A thoughtful, funny and thoroughly genial conversationalist, Crawford was “an actor for hire” for 10 years before turning playwright. “Yup, Shakespeare, Molière in Sudbury, theatre for young audiences, lots of school gyms…. “I always wrote, but it took me a decade of being in the theatre” to get the hang of playwriting. “I didn’t know how plays worked, the basic understanding of structure, story — character conflict and goals that need to go forward in a play.”

As often happens, playwrights are born out of actorly frustrations. “For long periods you’re at the mercy of other people…. Writing is a way of having some agency in the theatre.” Crawford adds that the common complaint in theatrical circles is the lack of “a Canadian comedy for the season.”

Enter Crawford, the playwright.

Stag and Doe premiered in 2014 at the Blyth Festival, in the heart of southern Ontario farming country, where two other Crawford comedies (The Birds and the Bees and The New Canadian Curling Club) has launched. The title, as he explains, is Ontario-speak for “a pre-wedding stag party for men and women that’s part community coming-together, and part fund-raiser for the wedding. So… young folks in a small town getting hitched.” Ontario allusion it may be, but Stag and Doe has been produced across the country, by both pro and amateur troupes.
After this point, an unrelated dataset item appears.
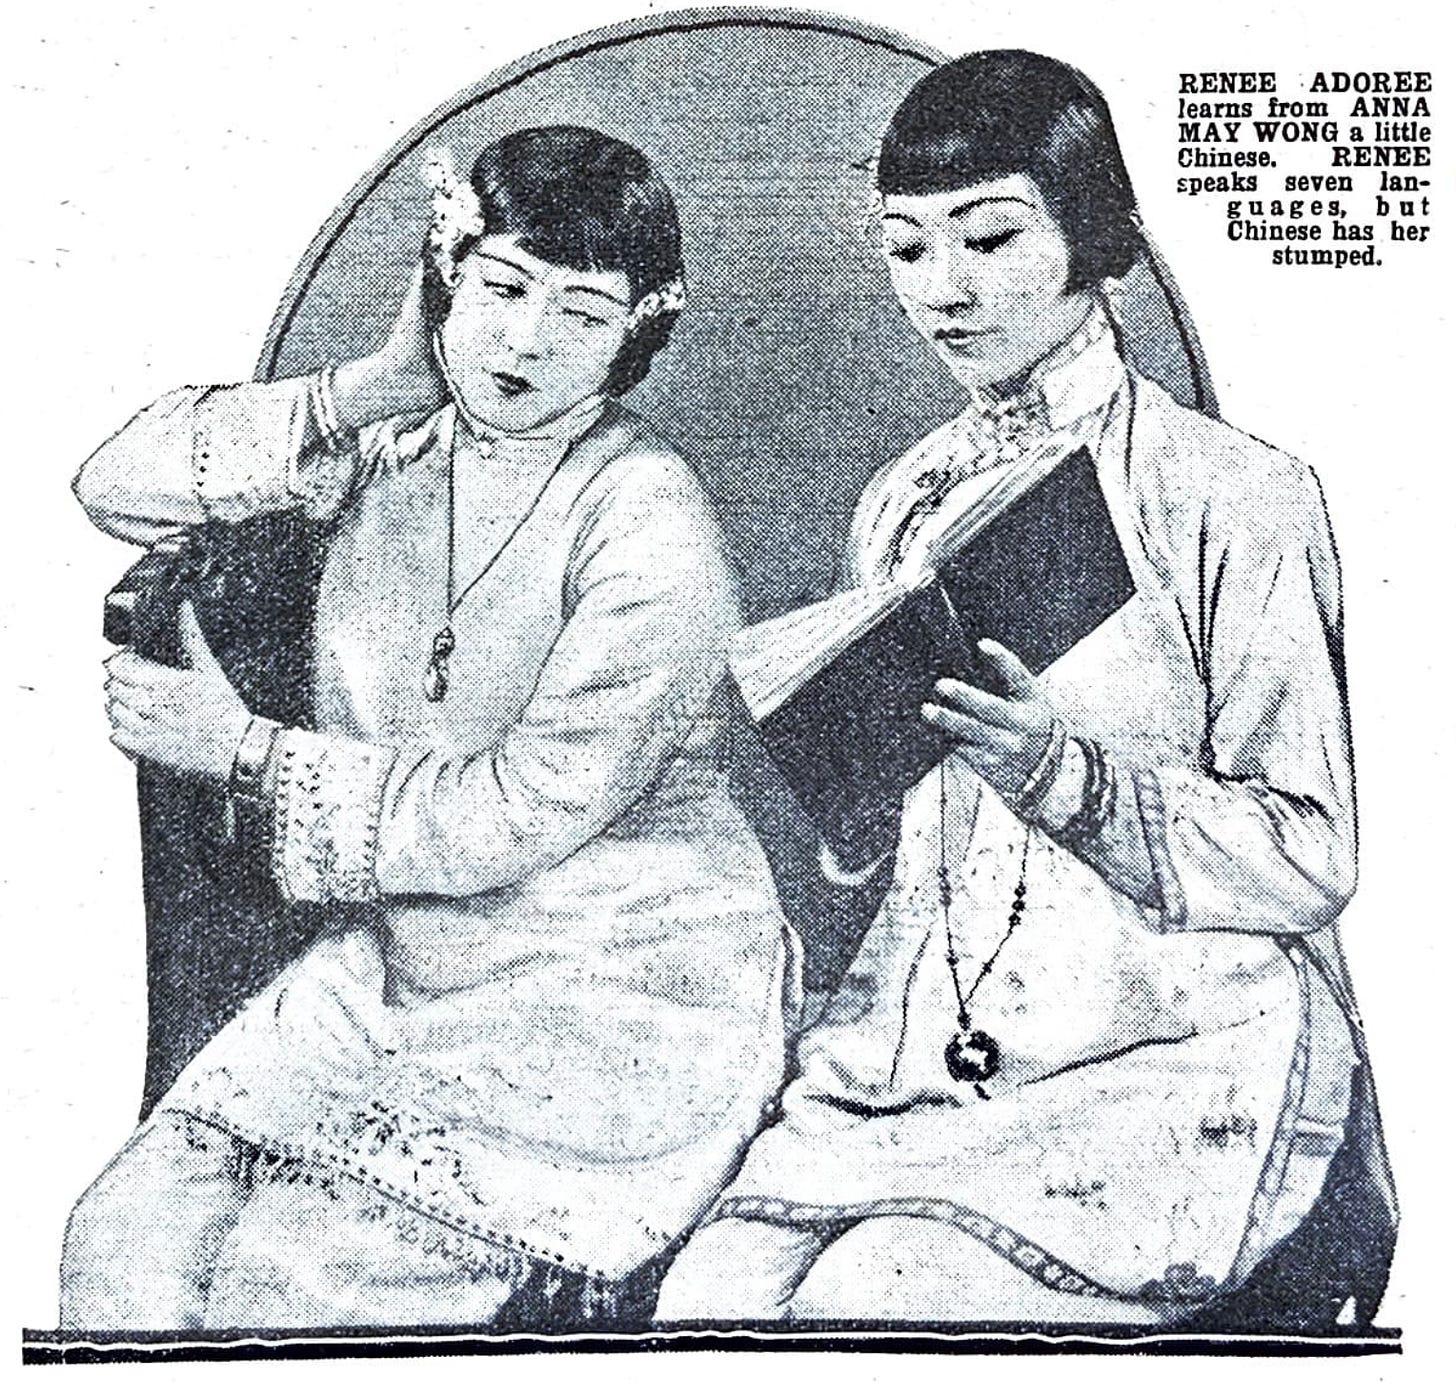 caption on clipping says: "Renee Adoree learns from Anna May Wong a little Chinese." The actresses are in Chinese dress and sit next to each other as AMW holds a book open.

Crawford is bemused that a translation continues to run in rep in Poland. 

Bed and Breakfast was his second play, penned while Crawford was acting at Blyth (in Vern Thiessen’s Vimy). And the multi-character two-hander premiered “on location, too,” as Crawford says of the Thousand Islands Playhouse located rustically near Kingston. Instantly popular in 2015, it’s toured widely since, to theatres large and small in cities and towns, Montreal’s Centaur to Victoria’s Belfry Theatre, with Crawford and Dunn together onstage playing the 21 characters in the story. Now, Theatre Network launches its season with Bed and Breakfast, directed by Bradley Moss and starring Edmonton actors Mathew Hulshof and Chris Pereira.

Mathew Hulshof and Chris Pereira in Bed and Breakfast. Photo by Ian Jackson, Epic Photography.

“I love comedy, as an audience member and a performer. It is really hard, but I love it,” says Crawford, who’s something of a comedy scholar. Sometimes, he laughs, he warms to his favourite subject and people say “OK Mark, but what’s the punch line?”

He speaks of “the journey of classical comedy,” which, as happens in Bed and Breakfast, “begins in death, and ends with a marriage or sex…. ” And comedy “is often about domestic things, relationships, friendship, families…. That stuff is worth exploring.” And, after all, “we’re living in dark times.”

“I don’t mean comedy as joke joke joke. The dark is darker because of the light, the light lighter because of the dark,” says Crawford. His frequent dramaturg Miles Potter “talks about ‘an audience for something with meat on its bones…. Is there something to stick with you?’ It’s fun to take people on a journey.”

Often under-valued in this country as Crawford agrees, comedy “takes us on a journey from the dark to the light…. There’s something deep in us that needs that. The world will continue, we will carry on: it’s a view of the world. We can laugh. And that’s an important part of being alive. Take that away and we are fucked…. The value for the audience is enormous!”

PREVIEW

Bed and Breakfast

Theatre: Theatre Network

Written by: Mark Crawford

Directed by: Bradley Moss

Starring: Mathew Hulshof, Chris Pereira

Where: Roxy on Gateway, 8529 Gateway Blvd.